ACTION-EXTRAVAGANZ: F/USA, 2014
Regie: Luc Besson
Darsteller: Scarlett Johansson, Morgan Freeman, Min-sik Choi
Als sie von ihrem Freund und Nebenerwerbs-Drogenkurier Richard einen Koffer in Empfang nimmt, der für einen gewissen Mr. Jang (grandios: "Oldboy" Choi Min-sik) bestimmt ist, ahnt die US-Studentin Lucy (Scarlett Johansson) nicht, dass sich ihr Leben auf spektakuläre Weise ändern wird: Der Deal läuft schief, und eine Überdosis einer neuartigen Super-Droge gelangt in ihren Blutkreislauf. Mit weitreichenden Folgen für die junge Frau: Lucys Gehirnkapazität explodiert förmlich, und auch ihr Körper mutiert. Jangs Killer-Armee hat jetzt eine ebenbürtige Gegnerin ...
Luc Besson. Ich müsste lügen, würde ich behaupten, dass mir seine Filme viel bedeuten. Okay, Leon und Nikita müsste man vielleicht wieder einmal sichten. In meiner Erinnerung sind das durchaus spannende und ungewöhnliche Thriller, die starke Frauenfiguren - eh ein sehr sympathischer Fetisch des Regisseurs - in Stellung bringen. Aber Bessons vielleicht erfolgreichster Film "Das fünfte Element" ist mir als unangenehm esoterisch-verkitschtes Sci-Fi-Spektakel in Erinnerung, dessen farbenprächtiger Ausstattungspomp die innere Leere des Films nur äußerst notdürftig kaschiert. Und danach war mir Monsieur Besson eigentlich weitgehend wurscht.
Umso größer mein Erstaunen, als meine üblichen verdächtigen Film-Freunde auf Facebook plötzlich in Jubelstimmung ausbrachen.

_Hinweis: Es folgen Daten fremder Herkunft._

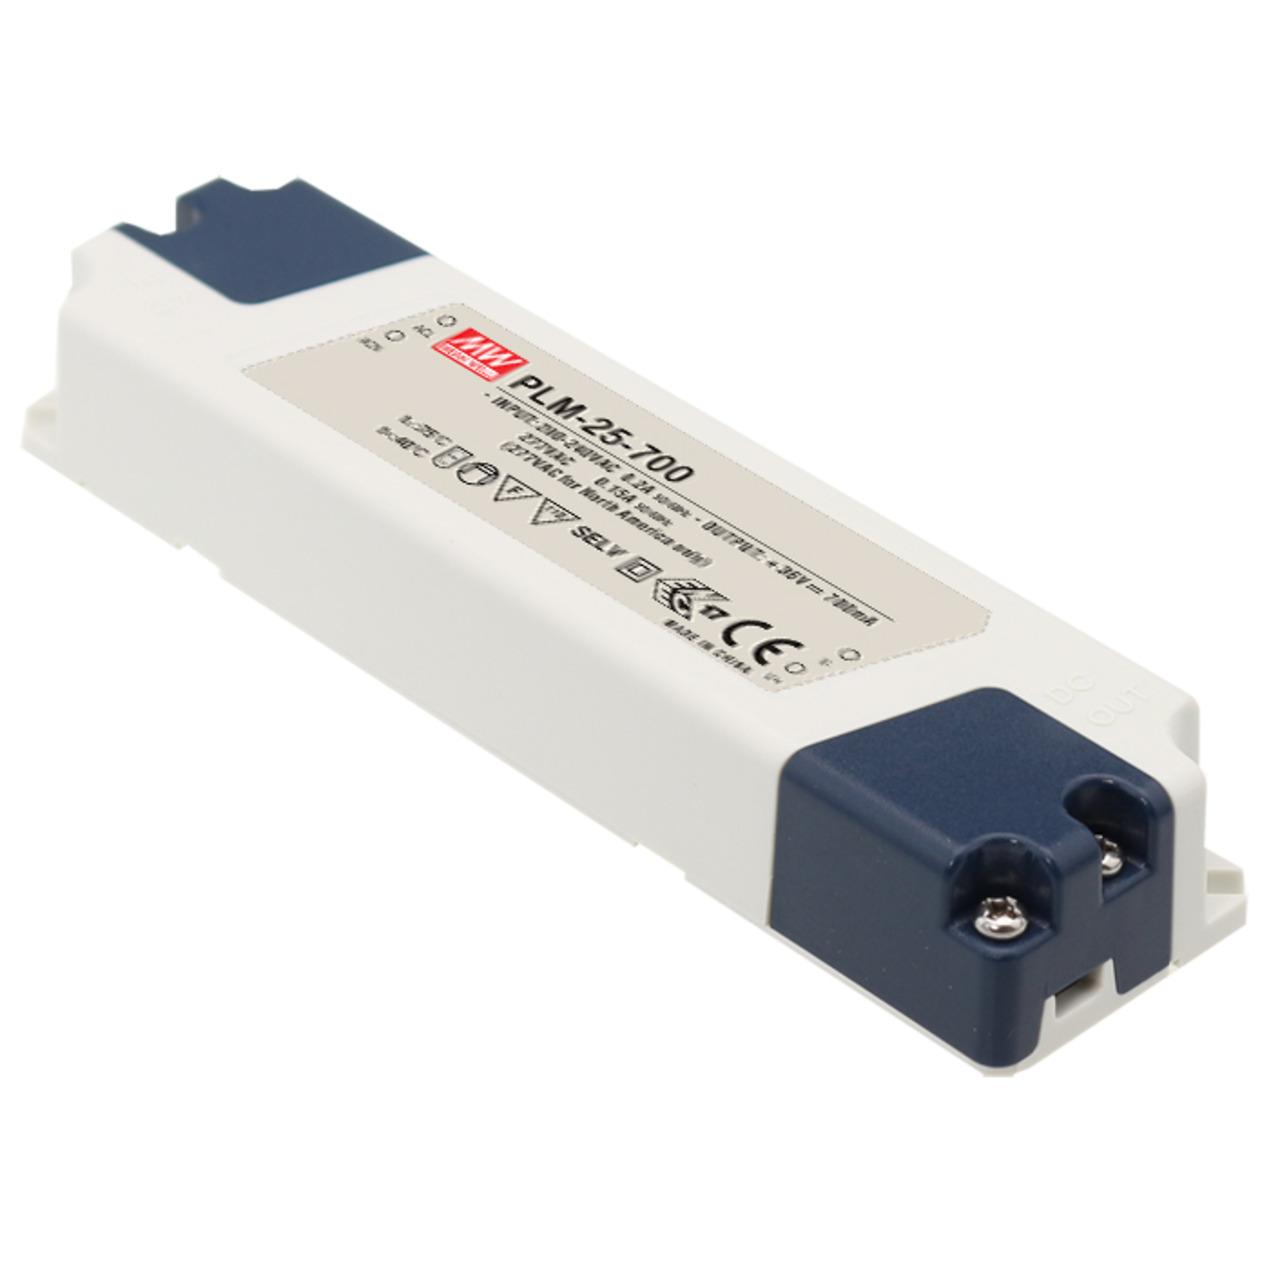 Mean Well Konstantstrom-Netzteil PLM-25-700- 25 W- 700 mA- 30 - 50 V- dimmbar- IP30

Grundtenor: "Lucy" hätte sie geflasht wie kein anderer Blockbuster in diesem Sommer. Und wie immer ist Verlass auf meine Freunde. "Lucy" ist tatsächlich so ein Film, mit dem man Anno 2014 - wenn mich wer fragt, der ödeste Kinosommer seit Erfindung des Blockbuster-Prinzips - nicht mehr gerechnet hätte. Die filmgewordene Fusion aus Drogentrip, Action-Exzess und Philosophie-Nachhilfestunde. Welche geilen Drogen Luc Besson hier auch immer eingeworfen hat: Ich will die auch haben.
Ohne Rücksicht auf Verluste mixt der französische Großmeister der bunten Action-Unterhaltung das eigene Euvre mit Versatzstücken von John Woo bis - ja, tatsächlich - Stanley Kubrick.
Nein, Lucy ist natürlich kein neuer "2001". Aber eine derart überdrehte Mischung aus Action-Exzess, ernsthafter (Kunst-)Ambition und blankem Irrsinn muss man sich erst einmal auf Zelluloid bannen trauen.
Wenn sich so unterschiedliche Medien wie das Wiener Intellektuellen-Zentralorgan "Falter", die konservative Pseudo-Qualitätszeitung "Kurier" und die Sex-und-Drogen-Verherrlichungspostille "Vice" bemüßigt fühlen, Lucy auf ihre wissenschaftliche Plausibilität abzuklopfen, um zum wenig überraschenden Ergebnis zu gelangen, dass der Film zwar inhaltlich Nonsens höherer Ordnung darstellt, aber vom Unterhaltungswert kaum zu toppen ist, dann, ja dann hat Luc Besson eindeutig etwas richtig gemacht.
Auf seine alten Tage überrascht Luc Besson mit einer Film gewordenen Fusion aus körperlichem Action-Exzess, effizientem Spannungskino, Drogentrip und blankem Irrsinn höherer Ordnung. Muss man selbst gesehen haben, um es zu glauben.